10 May,2023 08:50 AM IST | Mumbai | Shriram Iyengar
The late Pandit Shivkumar Sharma. File pic
A year can pass in the blink of an eye. For Rahul Sharma though it has been a difficult one. "We do miss him," he admits during a conversation about his father, late Pandit Shivkumar Sharma, who passed away on this day in 2022. Yet, in some ways, it is the music that keeps the family going. The music will indeed be the centrepiece as he takes the stage at the Nehru Centre today to pay tribute to his late father.
"My earliest music ideologies were formed through him. The fact that he is no more is true, but each time I sit to practice or perform, I can feel him with me," the musician says. This makes the title of the concert this evening, Shivji: The Journey Continues, feel all the more appropriate.
The timing and the occasion makes the concert a rare glimpse into the musical heritage that accompanies Sharma. No wonder then that the tickets are selling out fast, with only phone reservations left. The concert will see Ustad Shujaat Khan and Sharma individually pay tribute to the maestro. "I have chosen some older compositions by my father. They were created during the 1970s and '80s, and there are very few records of them left," Sharma reveals.
Rahul Sharma at an earlier performance
Titled gats (compositions), these pieces are set to specific ragas in cycles of seven beats or 16 beats. "They will be performed in ragas such as kirwani, charukesi or rasikapriya. He [my father] had adapted many Carnatic ragas since they sounded better with the santoor."
For Ustad Shujaat Khan, the concert is about more than just a recollection of the maestro's musical legacy. "I look at his life from the perspectives of musicality - unparalleled and beyond us in some ways - and his humanity.
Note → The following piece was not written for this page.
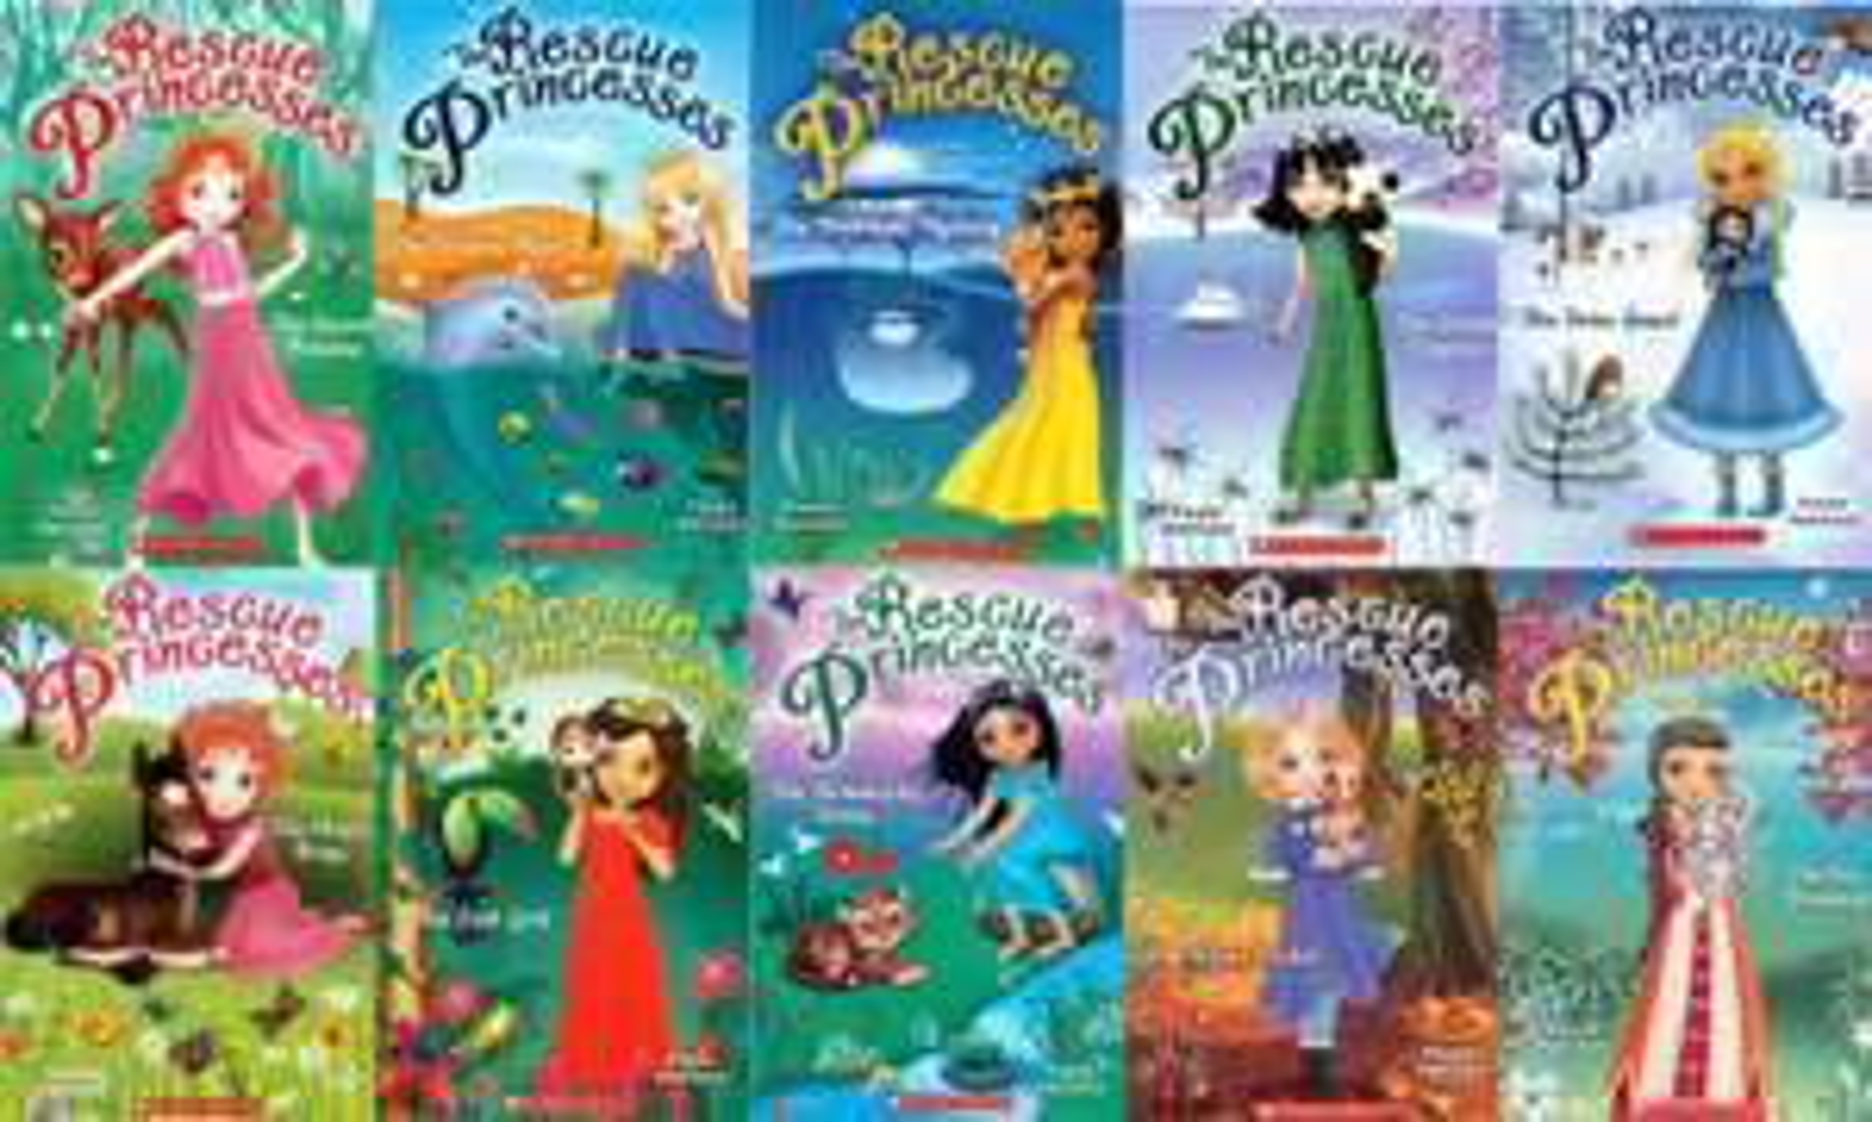 The Rescue Princesses 10 Books Set £9.99 Paperback By Paula Harrison @ TK Maxx (£1.99 C&C)
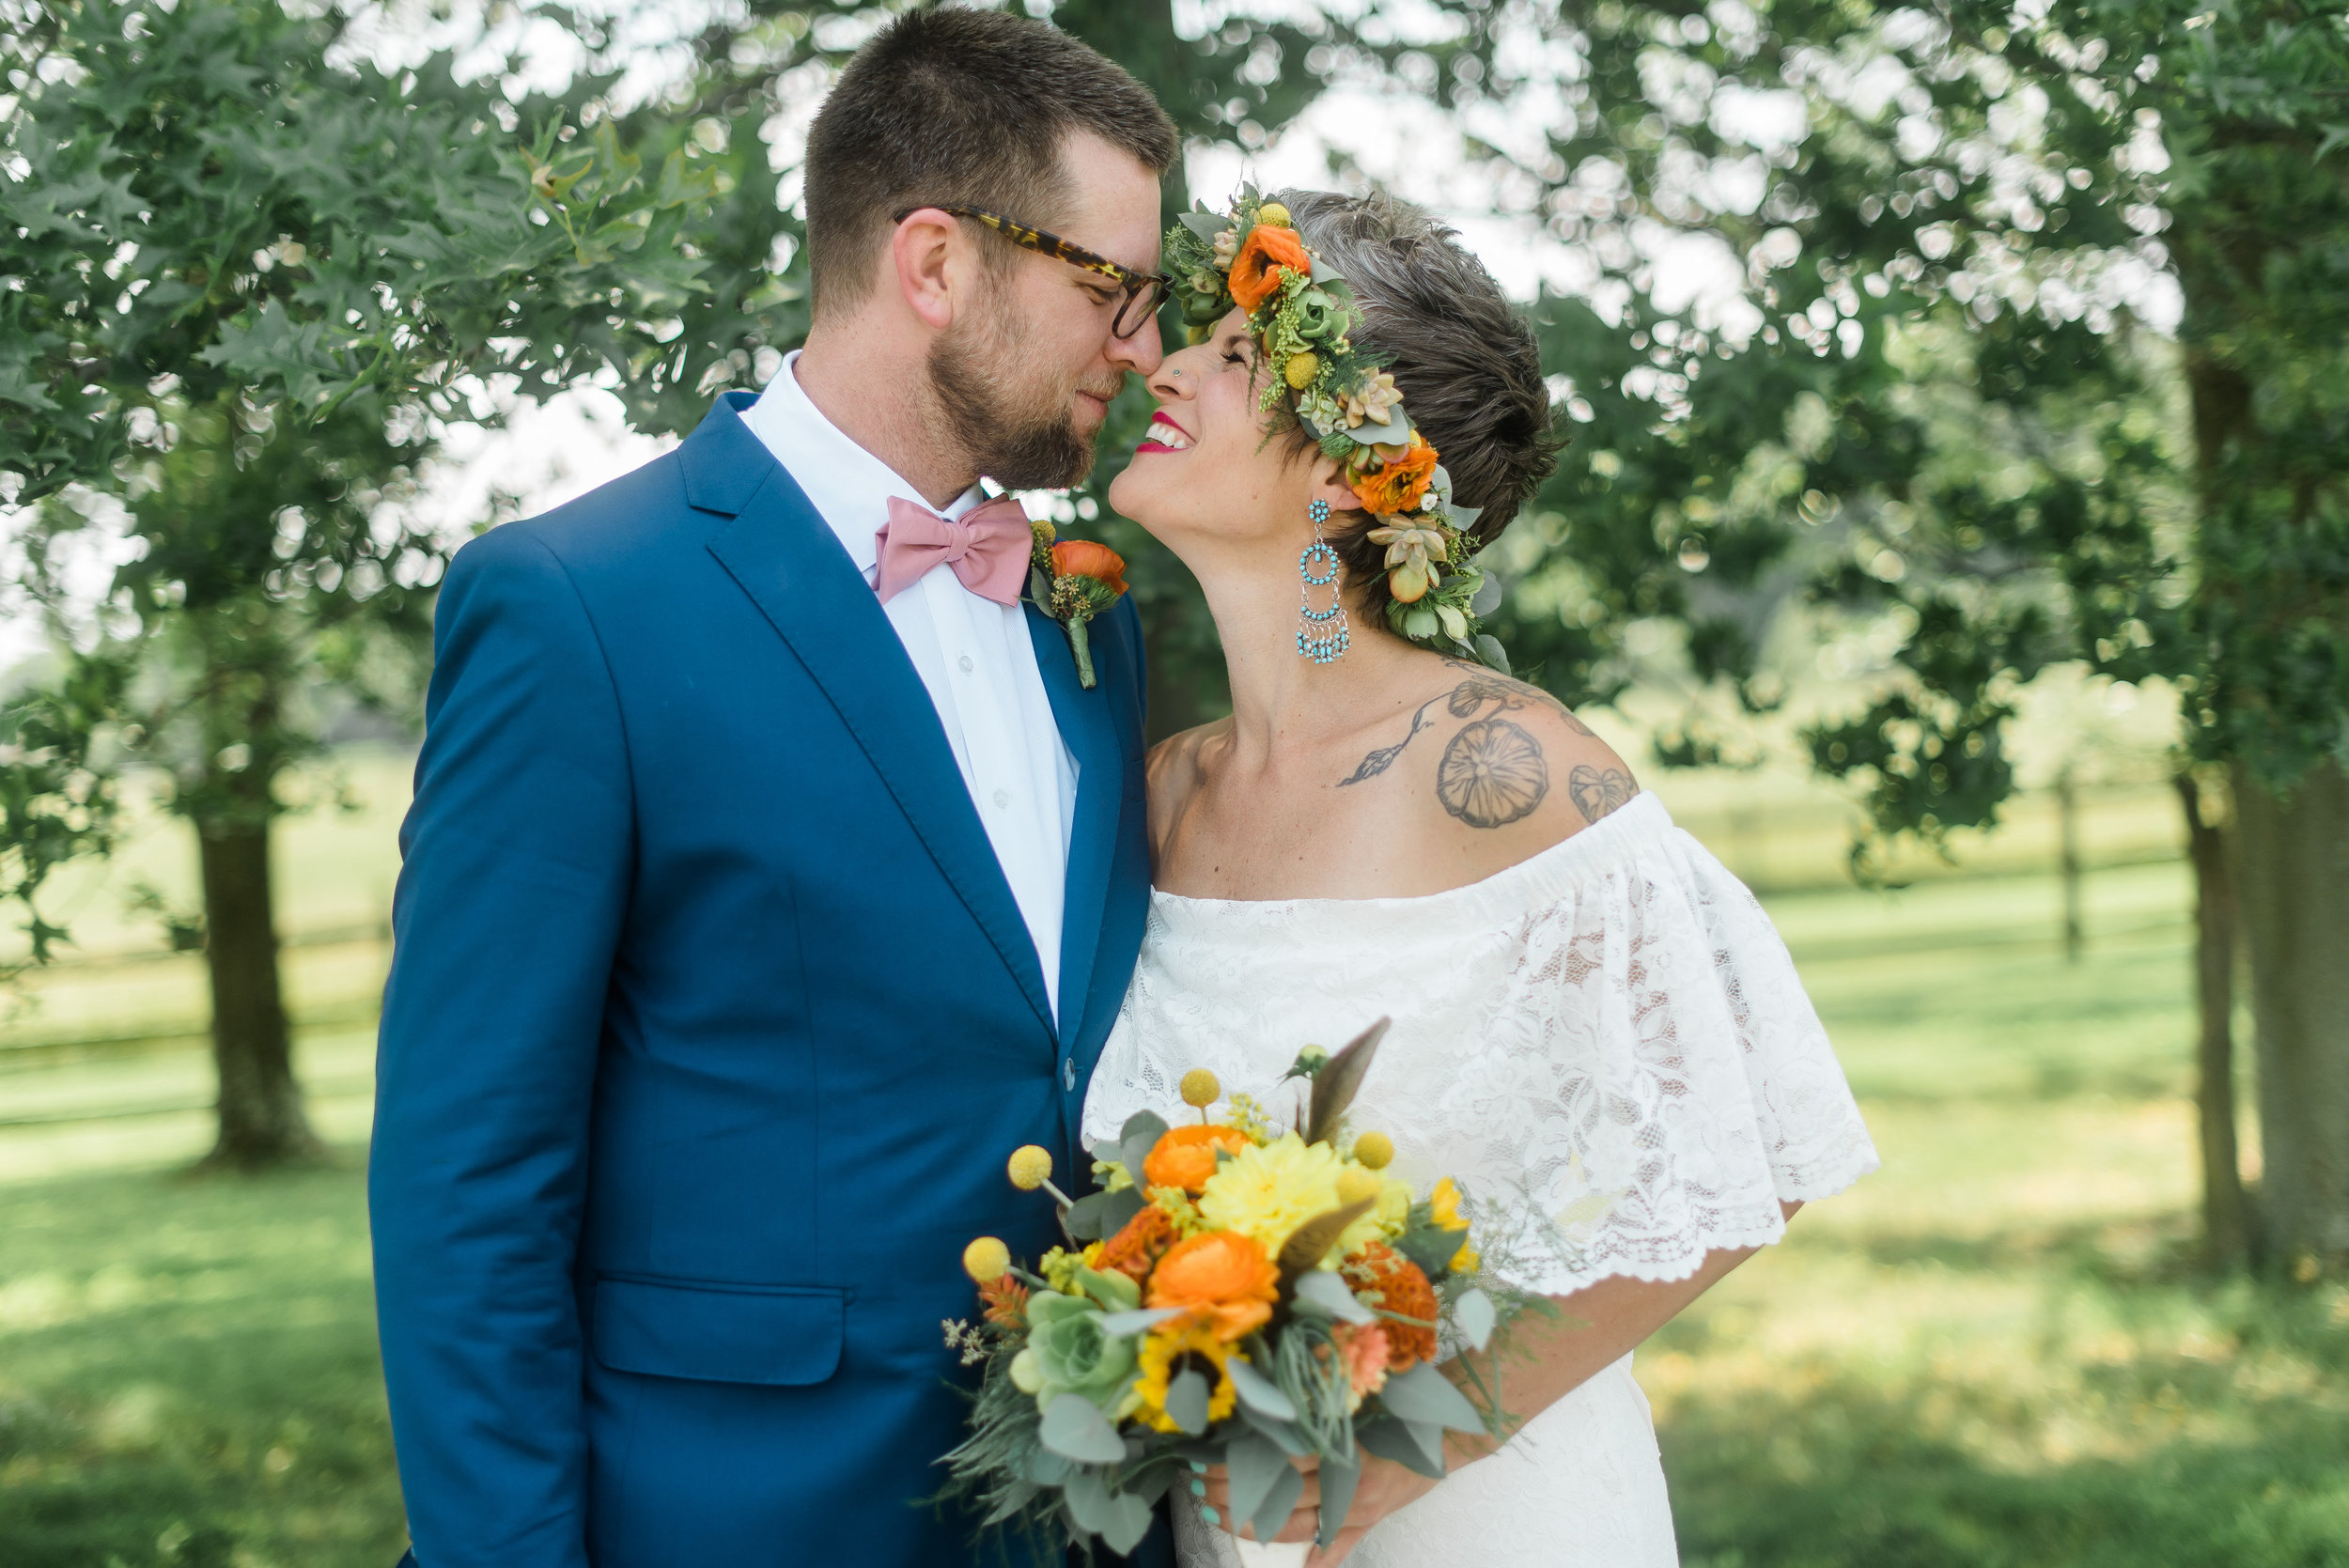 pittsburgh-wedding-photographer-armstrongfarms-eclectic-offbeat-boho0139.jpg

He has left footprints in the musical sand for us to follow," the sitarist poetically summarises. Recalling a conversation in Dhaka with the late Panditji, Khan remarks, "I remember specifically spending a couple of hours talking with him about the feeling of ragas. Everything comes down to how the musician and what the occasion makes them feel."
In that traditional Indian music can be quite similar to jazz. Sharma agrees saying, "In classical music, notes are mostly improvised within the periphery of the raga. It is more similar to jazz in that sense because it is being improvised on the spot." Khan though notes that it is the honour of paying tribute that makes the occasion more warranted. Sharma adds that he also plans to exhibit his own style of the santoor in the second half of the evening. "But we will place emphasis on his compositions since it is a tribute," he notes.
Ustad Shujaat Khan
It is hard to not mention the word legacy in a conversation with Sharma. With his own son, nine-year-old Abhinav, already learning the santoor, Sharma says it will continue, but it extends to more than music. "The creativity that went into the evolution of the santoor is unfathomable. My father was synonymous with the instrument." The tradition continues through Sharma's own sense of musical innovation. Having collaborated with the likes of Kenny G, Richard Clayderman and John McLaughlin, Sharma recorded an orchestral piece with the Cape Town Philharmonic with the santoor leading a 50-member orchestra last year.
"It is one of our joys that my father was able to witness the session. After the session, he told me how he had never imagined that the santoor would be the centrepiece of such a composition," Sharma recalls. Titled The Symphony of Santoor with the Cape Town Philharmonic, the album is set to come out later this year. As for the future, the santoor player says, "I am a composer at heart, and always at work. That journey will continue, and so will the journey of the listeners who will join us to celebrate the evening."
On: May 10; 6.30 pm onwards
At: Nehru Centre, Dr Annie Besant Road, Worli.